■ **EXERCISE BRIEF**
The full listing, minus its pictures, should be printed again exactly as it stands.

■ **DATASET EXCERPT**
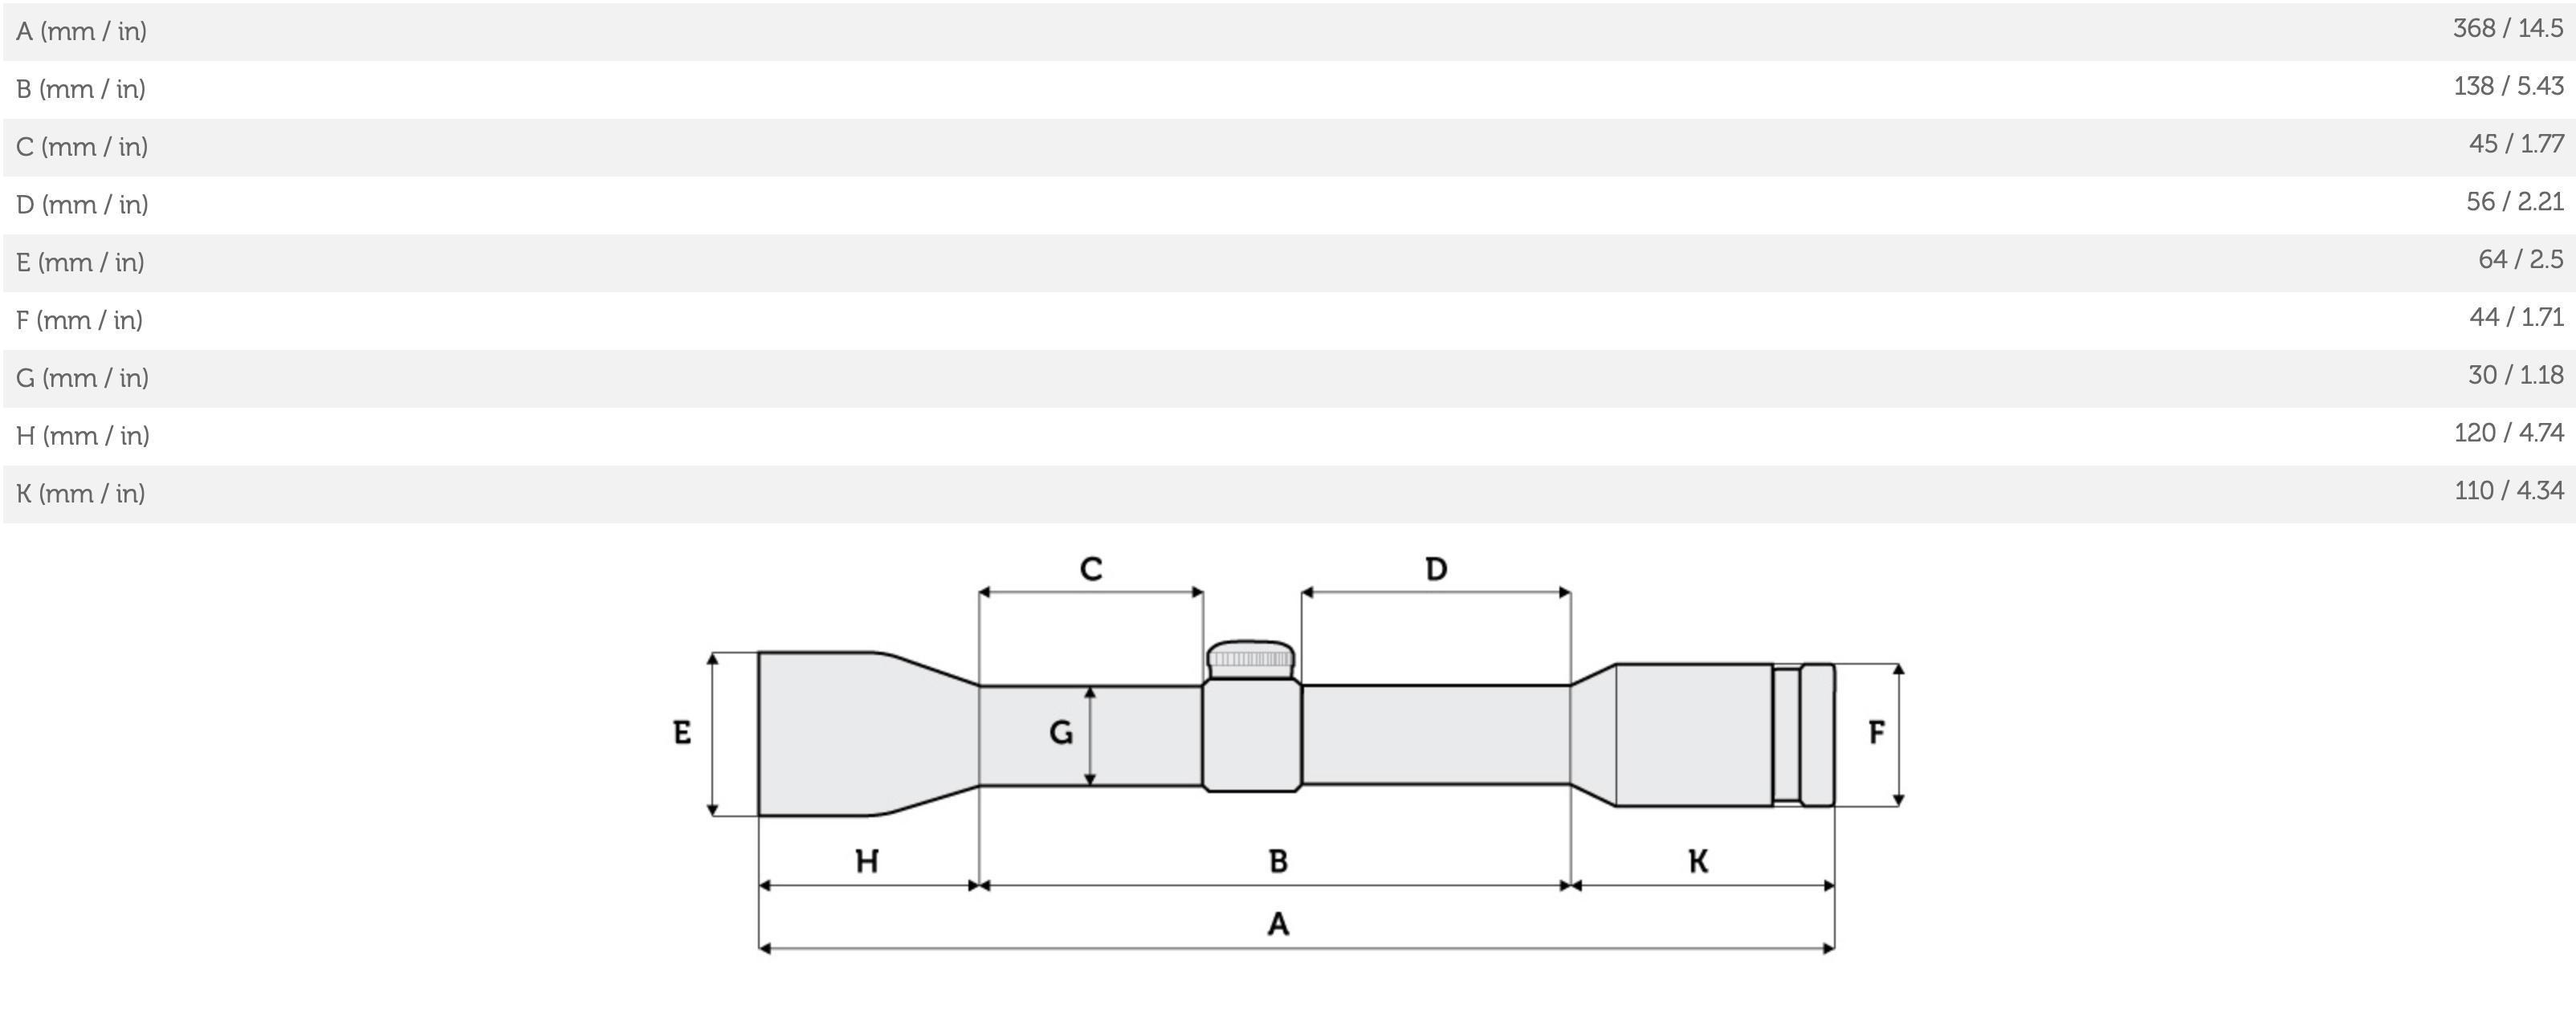 Meopta-Zielfernrohr-Optika6-3-18x56-RD-SFP-Red-Dot-4C-Reticle-2-Bildebene5N7NcHn2PEGnf
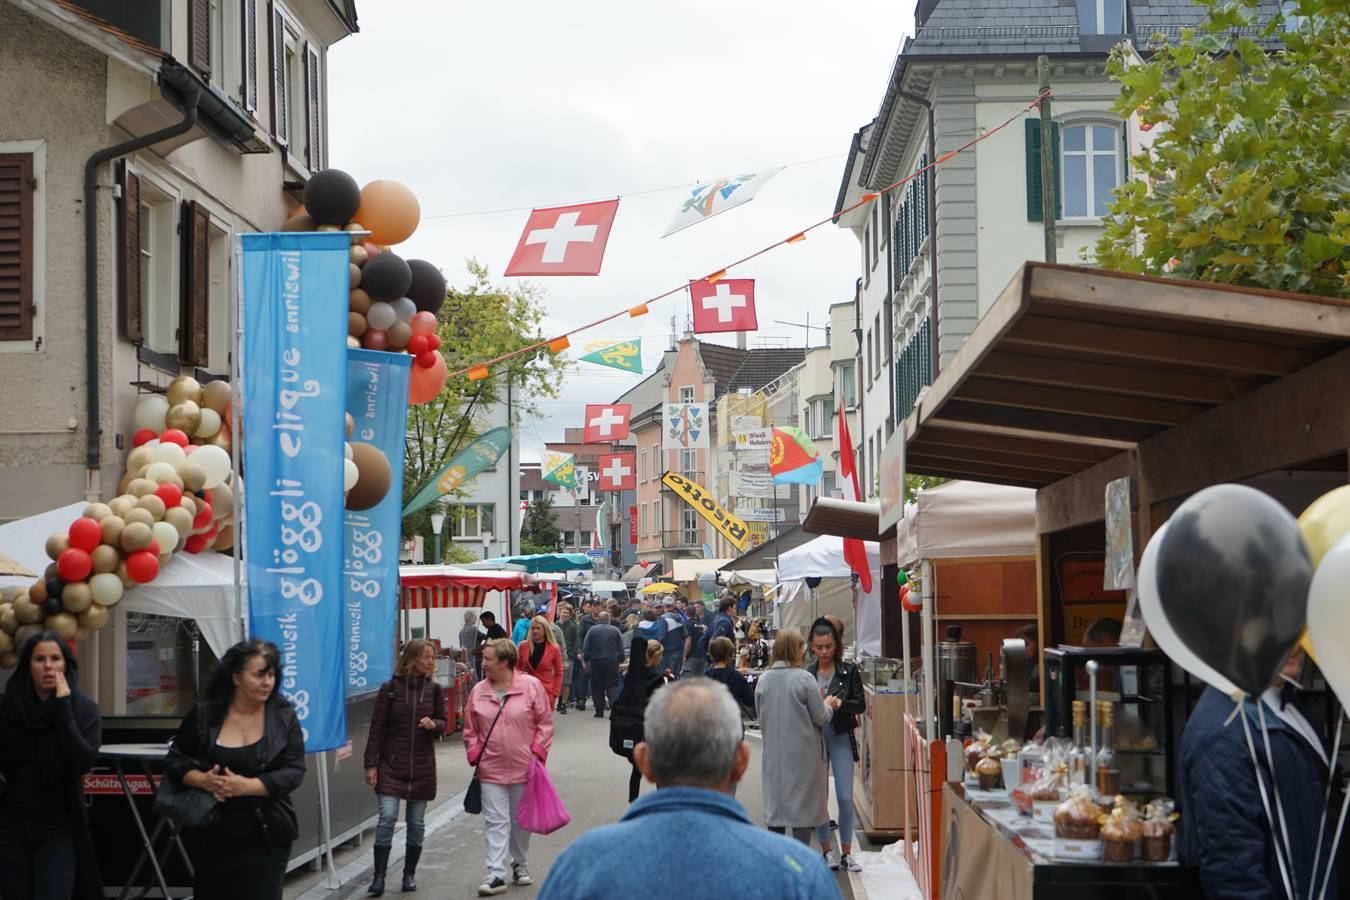 Giruno Taufe in Weinfelden (© FM1Today)
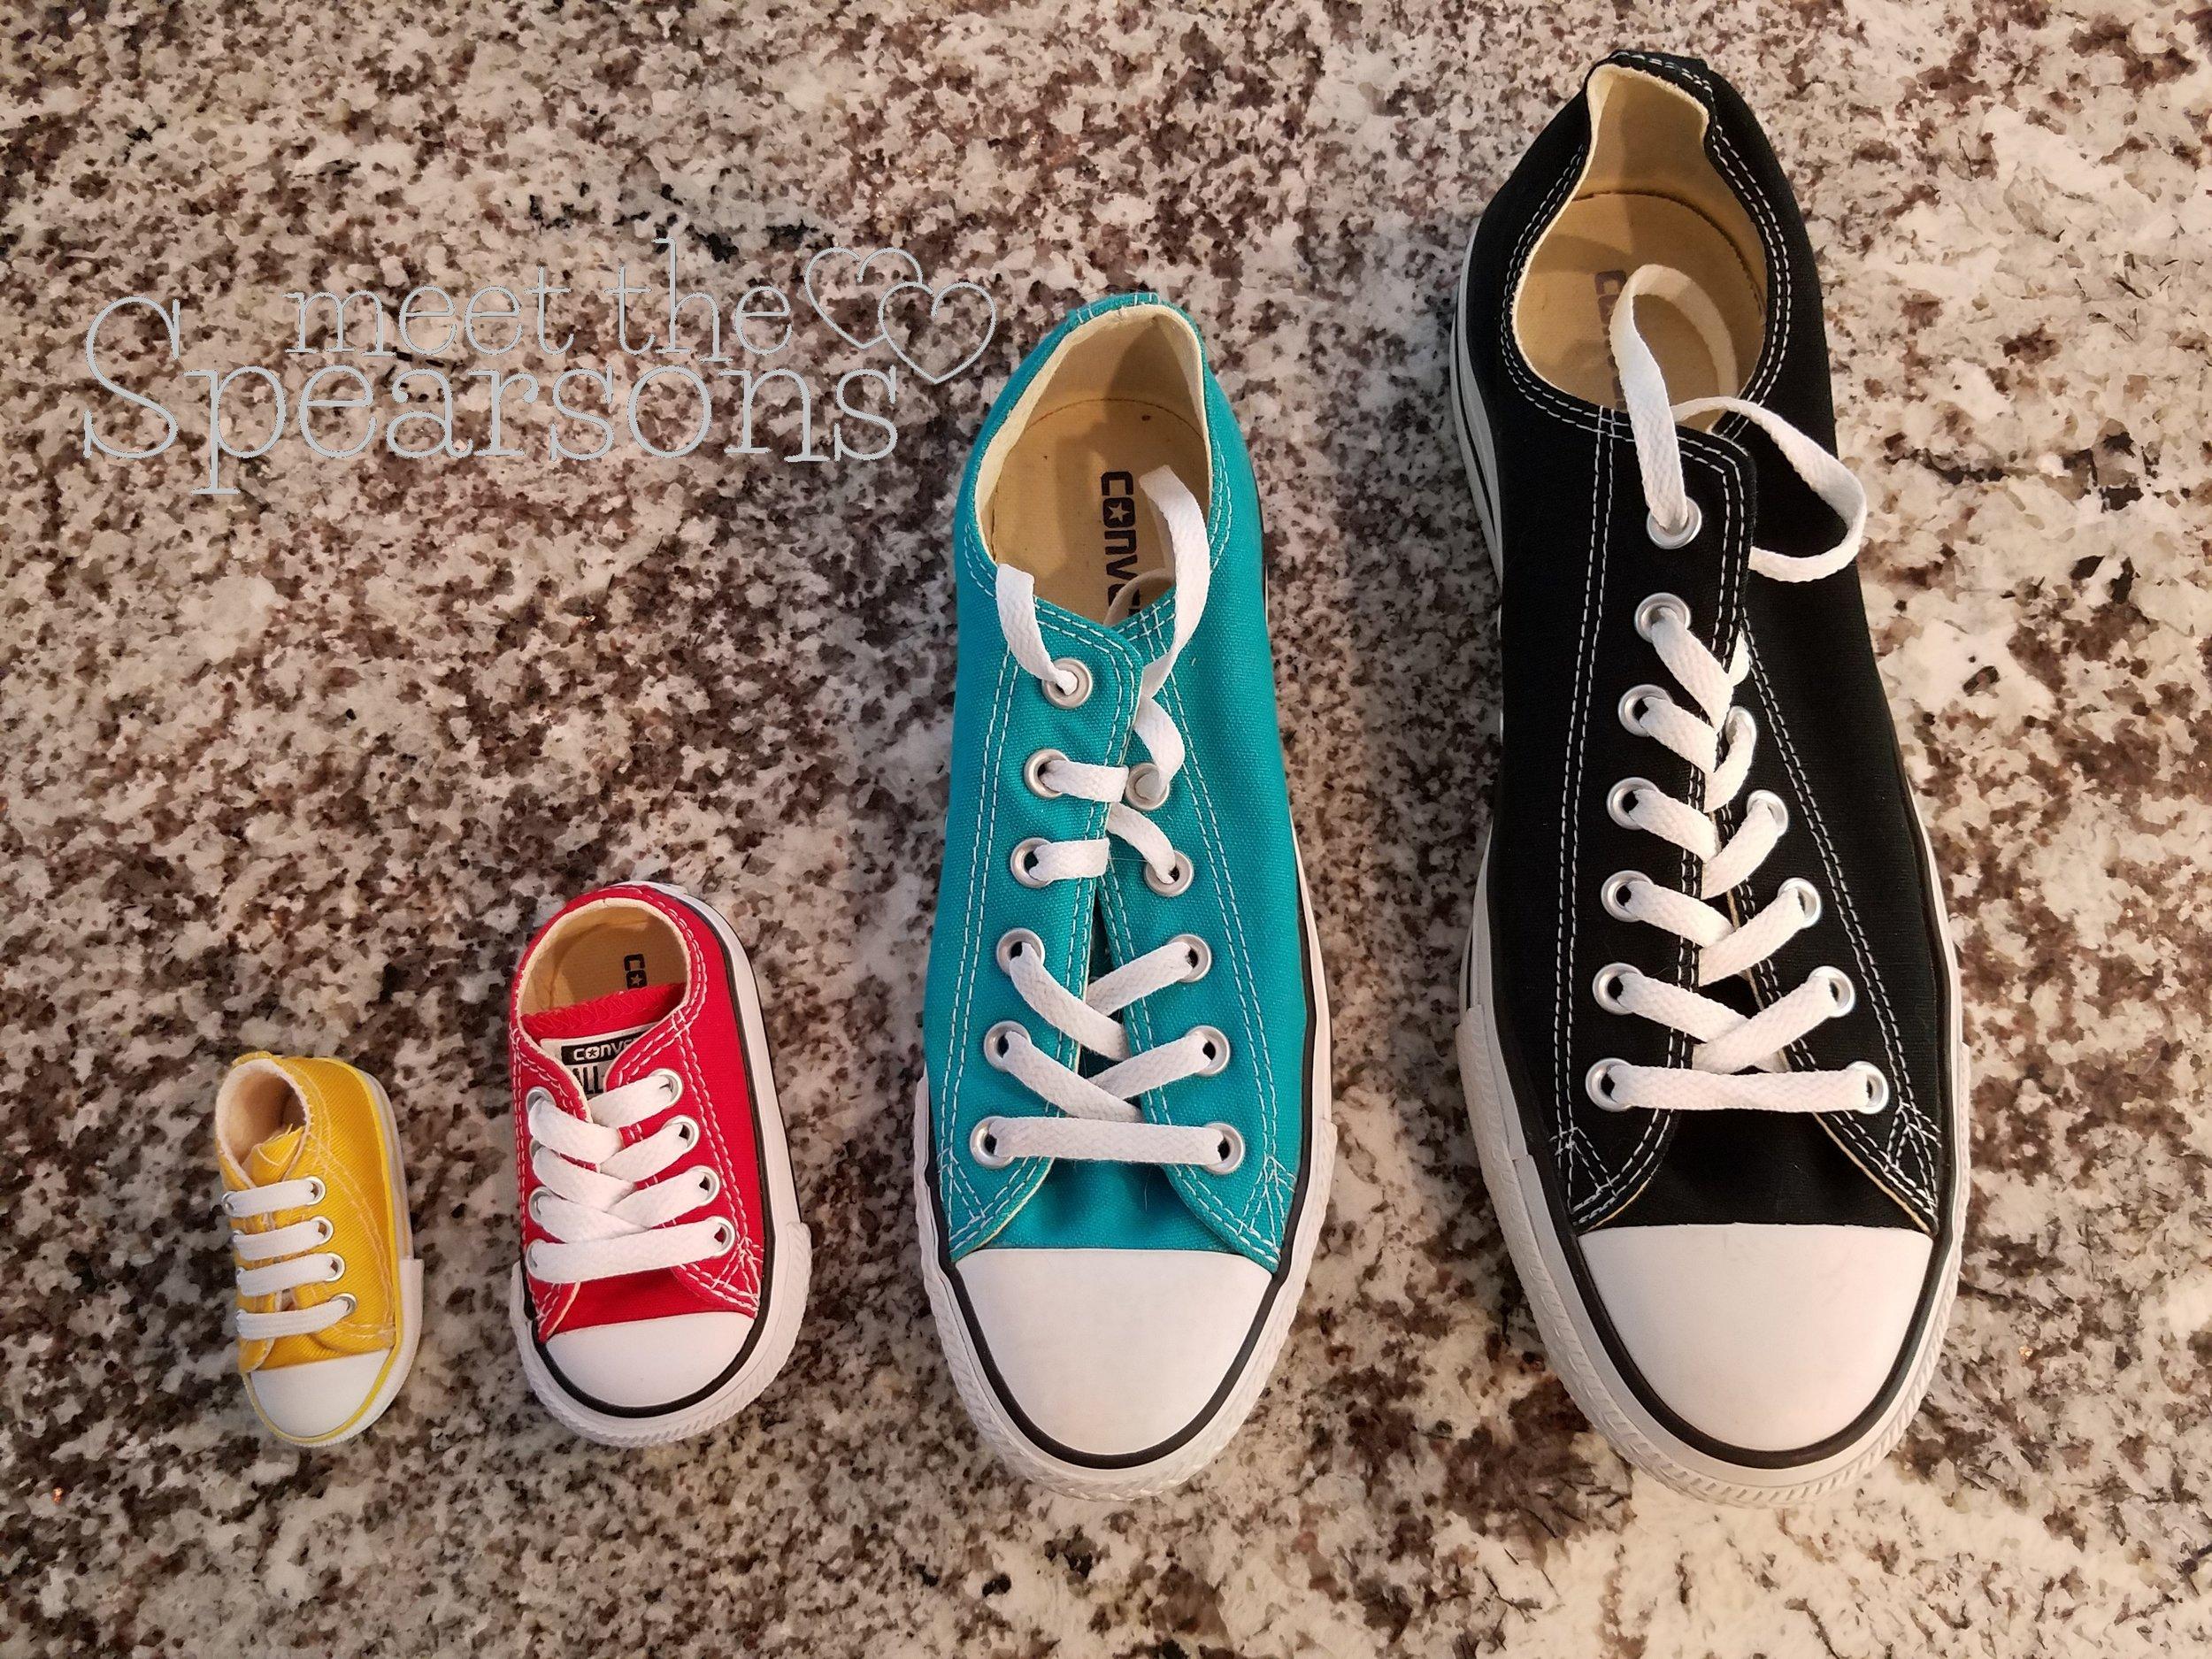 Converse Sneakers Pregnancy Announcement

■ **RESPONSE**
 Meopta-Zielfernrohr-Optika6-3-18x56-RD-SFP-Red-Dot-4C-Reticle-2-Bildebene5N7NcHn2PEGnf
 Giruno Taufe in Weinfelden (© FM1Today)
 Converse Sneakers Pregnancy Announcement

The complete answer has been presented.